In bocca al lupo, Fabio.
Jun 25, 2003
38,242
While you were certainly engaging in quite a bit of hyperbole in saying that everyone younger is obese, to be fair, obesity was the second highest comorbidity in a New York study of 5700 patients. Hypertension was number one at 56%, obesity was number two at 42%.

https://jamanetwork.com/journals/jama/fullarticle/2765184

Another one showed that under the age of 60, obese people were more than twice as likely to be hospitalized.

https://www.nytimes.com/2020/04/16/health/coronavirus-obesity-higher-risk.html

Unfortunately obesity in no lockdown would cause severe issues in comparison to healthier countries.
I can agree with you there. Some countries are different. The US, but also Mexico or Samoa come to mind.

I don't think Americans fully realise just how different their population looks. Whenever someone of my friends goes to the US for the first time it's the first thing they notice. And it's true, you expect obesity when you go there, but it's just shocking. It's insane.

Obviously you have to act differently when half your population is at a bigger risk. I definitely agree.

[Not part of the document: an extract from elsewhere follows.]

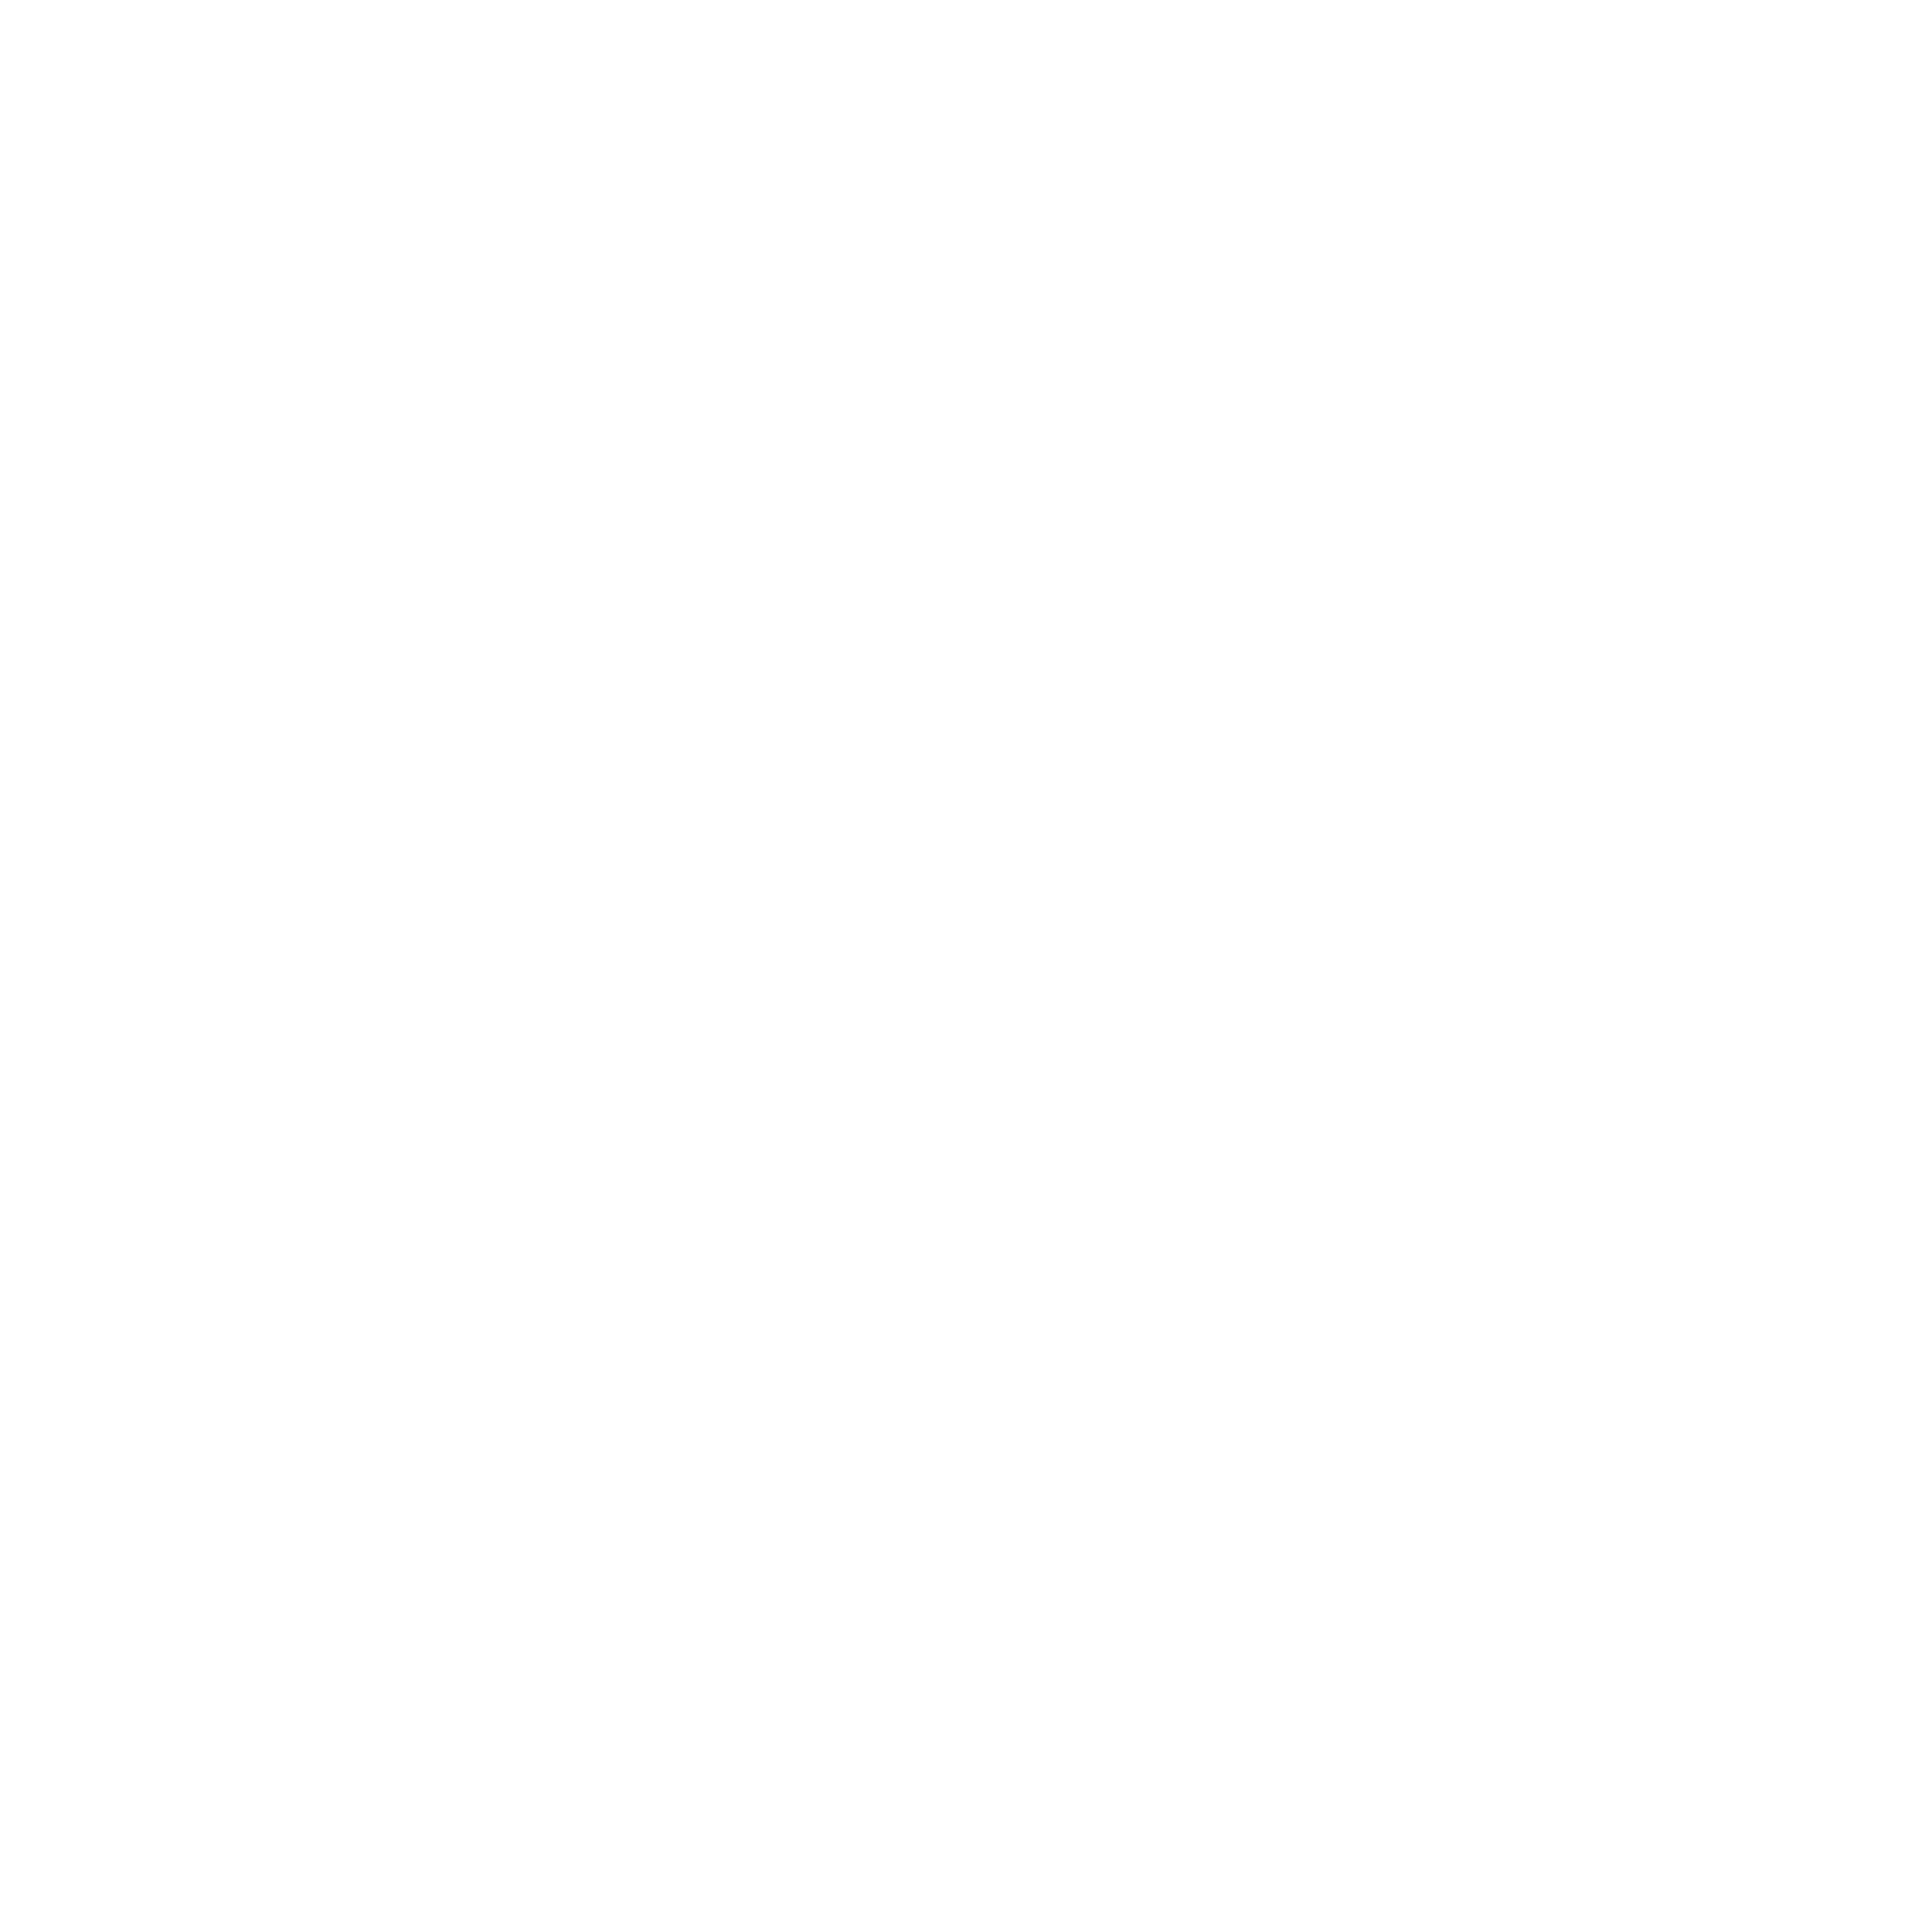 OhioHealth Logo - OhioHealth Logo PNG Transparent & SVG Vector

In the long term though maybe this should be a wake up call. Improve healthcare, improve the general fitness of the population, make healthier choices easier (in my experience it honestly just isn't as easy to buy healthy food in the US for example).

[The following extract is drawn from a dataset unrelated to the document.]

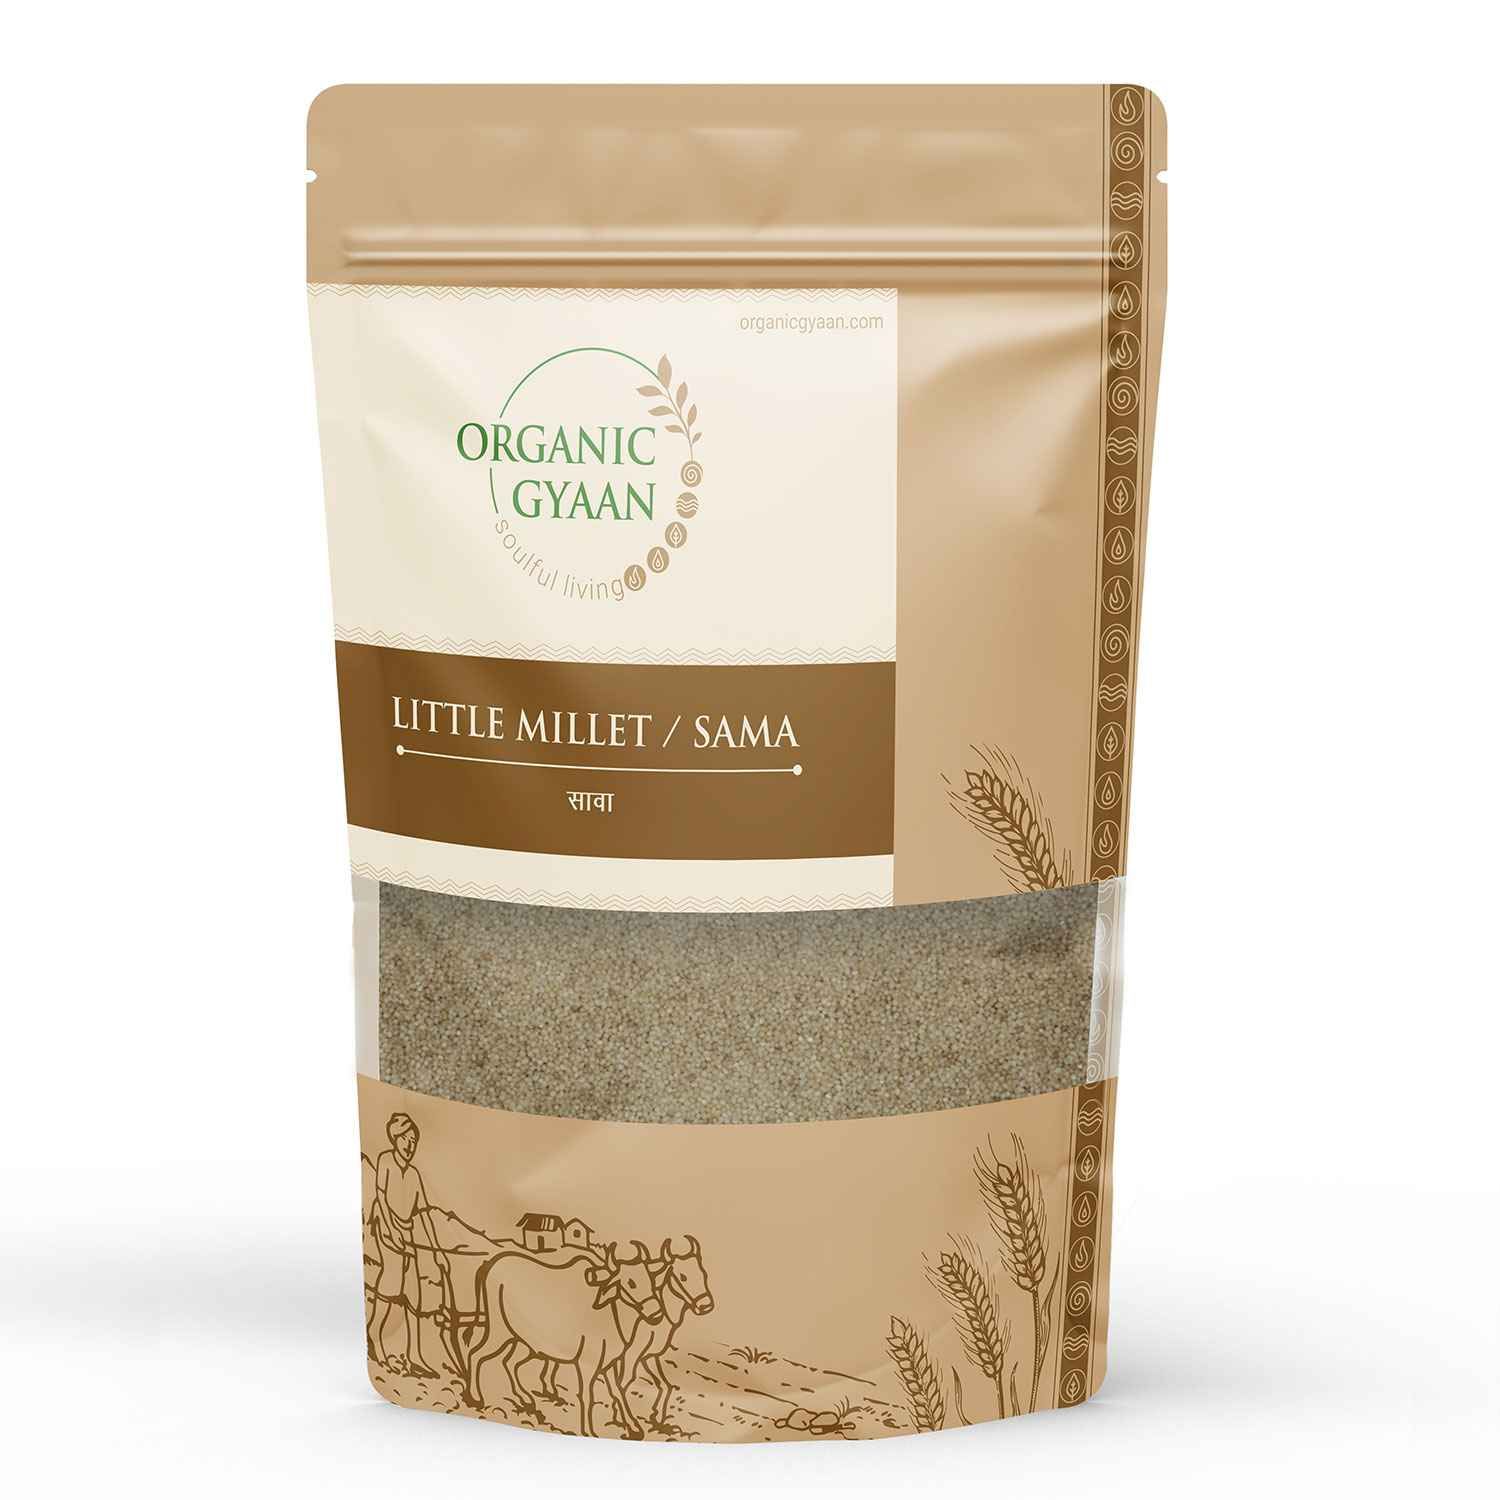 Organic Gyaan Organic Little Millet / Sama 450gm

Scientifically I think we should invest way more resources in gerontology and trying to delay the aging process. Humans are designed to be in relative health until their sixties. The truth is we have a lot of people that live well into their 90's now, but their quality of life is severely lacking.

Another thing to consider is that maybe we've been weakening our non-specific immune system over the last decades. Face masks are fine for a short period of time, but apply them for years and in the end almost any bug is going to get you under.